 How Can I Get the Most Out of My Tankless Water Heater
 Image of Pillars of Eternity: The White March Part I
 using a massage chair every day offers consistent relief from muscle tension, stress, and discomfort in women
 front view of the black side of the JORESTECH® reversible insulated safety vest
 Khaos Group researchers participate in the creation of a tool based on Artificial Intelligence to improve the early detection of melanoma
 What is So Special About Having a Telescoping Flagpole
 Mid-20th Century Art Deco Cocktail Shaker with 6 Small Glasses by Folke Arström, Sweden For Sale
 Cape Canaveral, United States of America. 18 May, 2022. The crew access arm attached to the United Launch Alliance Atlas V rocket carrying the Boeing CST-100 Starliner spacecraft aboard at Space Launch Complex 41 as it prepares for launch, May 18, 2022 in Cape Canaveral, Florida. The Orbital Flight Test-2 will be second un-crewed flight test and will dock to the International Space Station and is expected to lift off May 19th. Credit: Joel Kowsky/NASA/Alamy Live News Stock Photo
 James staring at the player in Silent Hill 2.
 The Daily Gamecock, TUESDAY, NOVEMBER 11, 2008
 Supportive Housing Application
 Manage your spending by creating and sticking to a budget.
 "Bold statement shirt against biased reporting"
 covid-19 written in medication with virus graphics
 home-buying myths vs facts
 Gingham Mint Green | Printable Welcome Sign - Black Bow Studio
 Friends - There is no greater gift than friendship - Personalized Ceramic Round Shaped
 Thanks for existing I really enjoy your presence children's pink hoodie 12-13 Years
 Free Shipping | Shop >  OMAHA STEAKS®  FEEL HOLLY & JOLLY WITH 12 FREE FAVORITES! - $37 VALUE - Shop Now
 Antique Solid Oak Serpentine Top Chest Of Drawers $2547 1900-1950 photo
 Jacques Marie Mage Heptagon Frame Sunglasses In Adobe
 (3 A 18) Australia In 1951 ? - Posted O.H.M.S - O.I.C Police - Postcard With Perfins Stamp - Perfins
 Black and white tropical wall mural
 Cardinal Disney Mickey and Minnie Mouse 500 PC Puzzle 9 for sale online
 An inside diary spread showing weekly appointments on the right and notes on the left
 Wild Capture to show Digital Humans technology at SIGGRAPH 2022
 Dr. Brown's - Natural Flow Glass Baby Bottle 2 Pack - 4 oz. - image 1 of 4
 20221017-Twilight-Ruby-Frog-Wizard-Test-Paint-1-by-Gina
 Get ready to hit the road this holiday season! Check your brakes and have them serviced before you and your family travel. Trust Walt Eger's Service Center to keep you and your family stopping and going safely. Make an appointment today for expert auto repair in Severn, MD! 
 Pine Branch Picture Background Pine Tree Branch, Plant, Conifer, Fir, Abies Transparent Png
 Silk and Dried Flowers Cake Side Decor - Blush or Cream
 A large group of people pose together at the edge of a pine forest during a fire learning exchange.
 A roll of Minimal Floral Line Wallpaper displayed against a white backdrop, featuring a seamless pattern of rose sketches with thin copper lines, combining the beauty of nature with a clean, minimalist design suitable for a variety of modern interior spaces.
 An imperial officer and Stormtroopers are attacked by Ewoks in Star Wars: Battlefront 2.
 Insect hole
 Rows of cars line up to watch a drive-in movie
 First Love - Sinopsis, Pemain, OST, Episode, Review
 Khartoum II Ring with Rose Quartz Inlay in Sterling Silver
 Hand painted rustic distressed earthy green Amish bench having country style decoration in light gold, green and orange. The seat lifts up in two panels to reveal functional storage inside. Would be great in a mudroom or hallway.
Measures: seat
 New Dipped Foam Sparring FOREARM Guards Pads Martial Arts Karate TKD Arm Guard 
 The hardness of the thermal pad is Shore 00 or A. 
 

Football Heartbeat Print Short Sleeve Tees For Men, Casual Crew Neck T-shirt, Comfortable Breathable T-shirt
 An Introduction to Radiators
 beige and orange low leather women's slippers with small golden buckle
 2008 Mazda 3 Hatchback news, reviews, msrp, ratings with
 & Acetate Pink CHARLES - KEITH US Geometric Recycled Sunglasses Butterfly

+-------+

What the task requires:
Reproduce verbatim the lines above, from the line with "Cardinal Disney Mickey" through the line with "20221017-Twilight-Ruby-Frog-Wizard-Test-Paint-1-by-Gina".

Exercise answer:
 Cardinal Disney Mickey and Minnie Mouse 500 PC Puzzle 9 for sale online
 An inside diary spread showing weekly appointments on the right and notes on the left
 Wild Capture to show Digital Humans technology at SIGGRAPH 2022
 Dr. Brown's - Natural Flow Glass Baby Bottle 2 Pack - 4 oz. - image 1 of 4
 20221017-Twilight-Ruby-Frog-Wizard-Test-Paint-1-by-Gina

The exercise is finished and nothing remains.